Toby opens his mouth and then closes it again.
‘Yeah. I hear old Attila could be very persuasive on his day,’ Terence Nimrod deadpans.
‘A phenomenal diarist, by all accounts,’ Toby chips in.
‘Diaries?’ Ransom idly fingers the cover of the copy of Bruce Lee’s Artist of Life (which is sitting on the table alongside his placemat). ‘I bet those babies’d be worth a quick squizz …’
He reaches for the pencil resting on top of Nimrod’s trusty notebook, grabs it, scribbles something on to a paper serviette, folds it up and places it into the top pocket of his shirt.
‘S for simplicity, then,’ Toby quickly reiterates (a somewhat stricken expression on his face — although the note on Ransom’s napkin merely says ‘Lamisil Once’), ‘followed by P which stands for perceived self-interest …’
‘Not actual self-interest?’ Nimrod’s momentarily engaged.
‘Uh, no.’ Toby shakes his head. ‘I don’t suppose it really matters why you’re persuading someone — what your motivation is — so long as you’re doing it effectively. There’s nothing explicitly moral about this technique …’
‘Nobody ever made a million from selling people anything they actually need ,’ Ransom muses (ever the cynic).
‘Aspirin,’ Esther pipes up from her adjacent table (a line of cappuccino foam on her upper lip).
‘Ballpoint pen,’ Nimrod expands.
‘Peer pressure plays an important role,’ Toby steps in. ‘I mean you’re more likely to be able to persuade people of something if they see that their peers have already been convinced.’
‘Think the Rwandan genocide,’ Nimrod solemnly opines (trying to raise the conversational bar).
‘Think Diet Coke,’ Ransom counters (automatically lowering it).
‘The I is quite an interesting one …’ Toby struggles manfully on.
‘Is that a new edition?’ Nimrod jabs a plump finger at Ransom’s copy of Artist of Life . ‘I read it years ago. From what I can recollect, the poetry’s pretty torrid …’
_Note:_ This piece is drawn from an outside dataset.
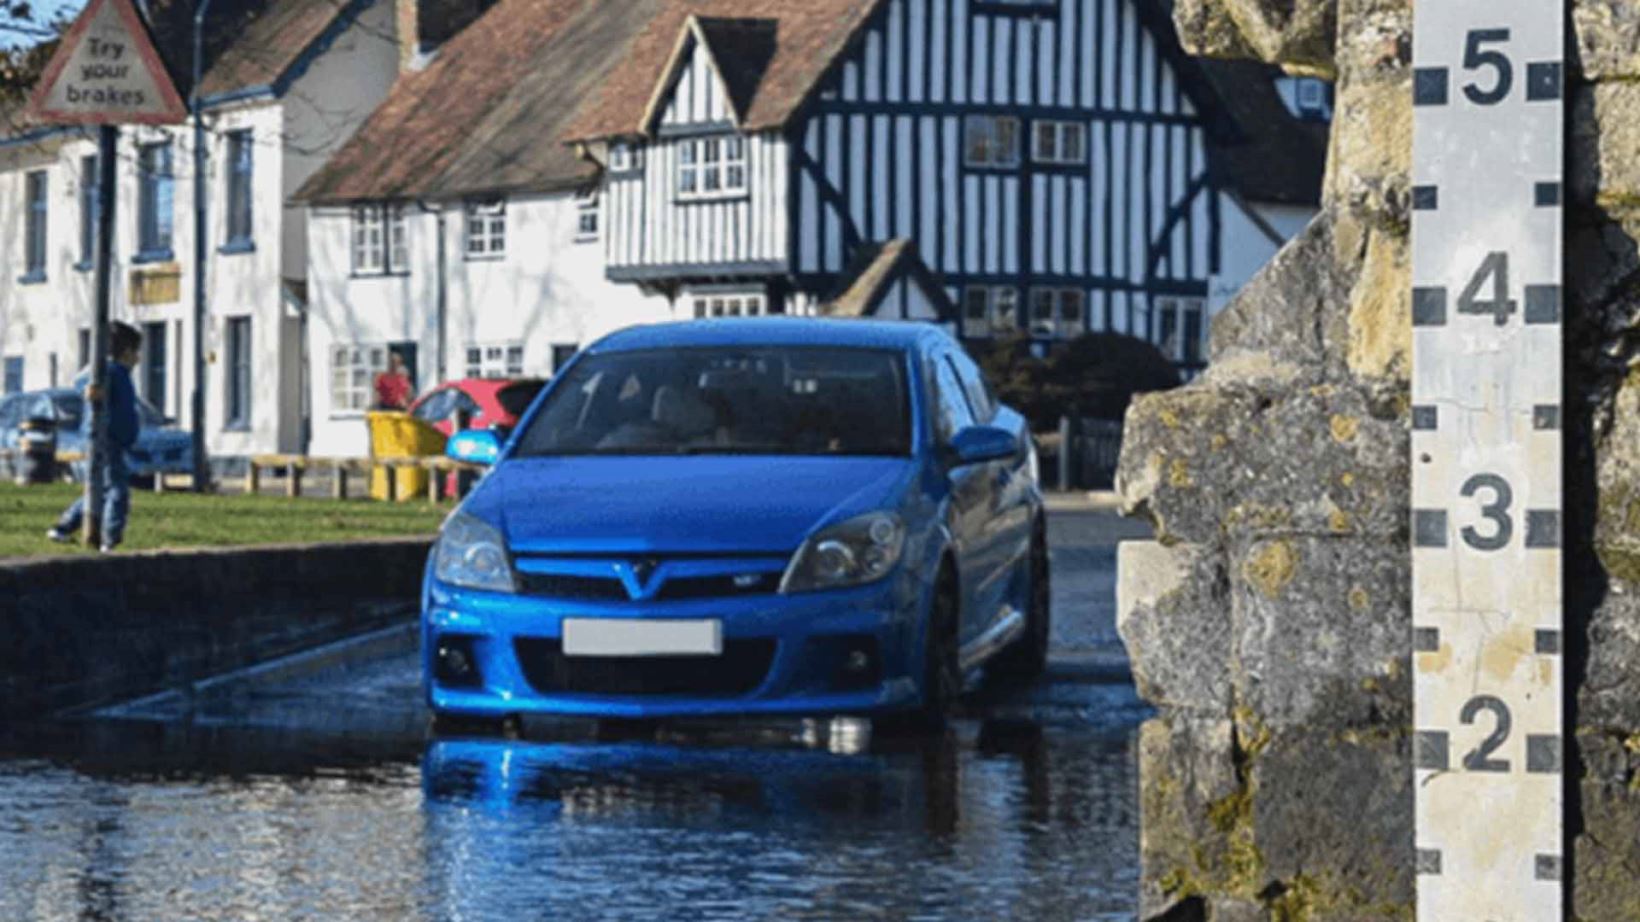 modified-car-of-the-year-emilys-vauxhall-astra-h-vxr-feature

‘I’ve a signed first edition at my house in LA,’ Ransom promptly fibs. ‘Lee’s thoughts on “plasticity” struck a real chord with me. This industry’s always been chock-a-block with cock-suckers and phonies …’
Nimrod grabs the book and quickly flips through it. ‘Just promise me you’re not embarking on another of your interminable Eastern phases,’ he pleads, ‘the raw fish diet, the atrocious headbands, the enigmatic press releases …’ He rolls his eyes. ‘How’s a hardworking hack ever meant to scrape together any decent copy from that?’
‘Now I come to think about it,’ Ransom ruminates (apparently oblivious to Nimrod’s pleas), ‘I suppose martial arts might easily fall into the “Individual Sports” category …’ He glances up, visibly jarred by the notion. ‘D’you reckon martial arts are selfish, Tel?’
‘Selfish?’ Toby echoes, bemused.
‘ All arts are selfish.’ Nimrod throws the book back down again. ‘Isn’t it obvious? Jesus was a humanitarian, not a watercolourist.’
‘Be that as it may,’ Ransom persists, ‘I read something pretty deep in there last night — pretty amazing — along the lines of’ — he clears his throat and simulates a reverential mien — ‘“Without the black sky there would be no stars, and without the little stars we would have nothing to compare the big ones by …”’
Nimrod listens to Ransom’s cod philosophizing with a measure of forbearance, then turns towards Toby with a conspiratorial wink. ‘It’s all downhill from here, Tobe,’ he murmurs. ‘Next thing we know he’ll be quoting gnomic chunks of unintelligible bullshit at us from The Art of War — like Paul Robinson on Neighbours .’
Ransom grabs the book back, infuriated (his flush truly busted). ‘I was given it by a fan if you must know,’ he growls, ‘just some stupid kid. I was telling him about my brief correspondence with Linda Lee Cadwell —’
‘Correspondence?’ Esther glances up from her novel with a snort. ‘You was legally oblige to send the poor woman a letter of apology after you get chuck out of a book-signing, drunk.’
Ransom glares at her, darkly.
‘I studied Wing Chun for almost fifteen years,’ Nimrod shares.
‘Fifteen years?!’ Toby rocks back in his chair. ‘Are you serious?!’
‘Why wouldn’t I be?’ Nimrod asks ( faux -offended).
‘No reason,’ Toby flounders. ‘I just …’ He clears his throat. ‘I just didn’t have you down as a big martial arts fan, that’s all.’
‘So what did you have me down as?’ Nimrod wonders.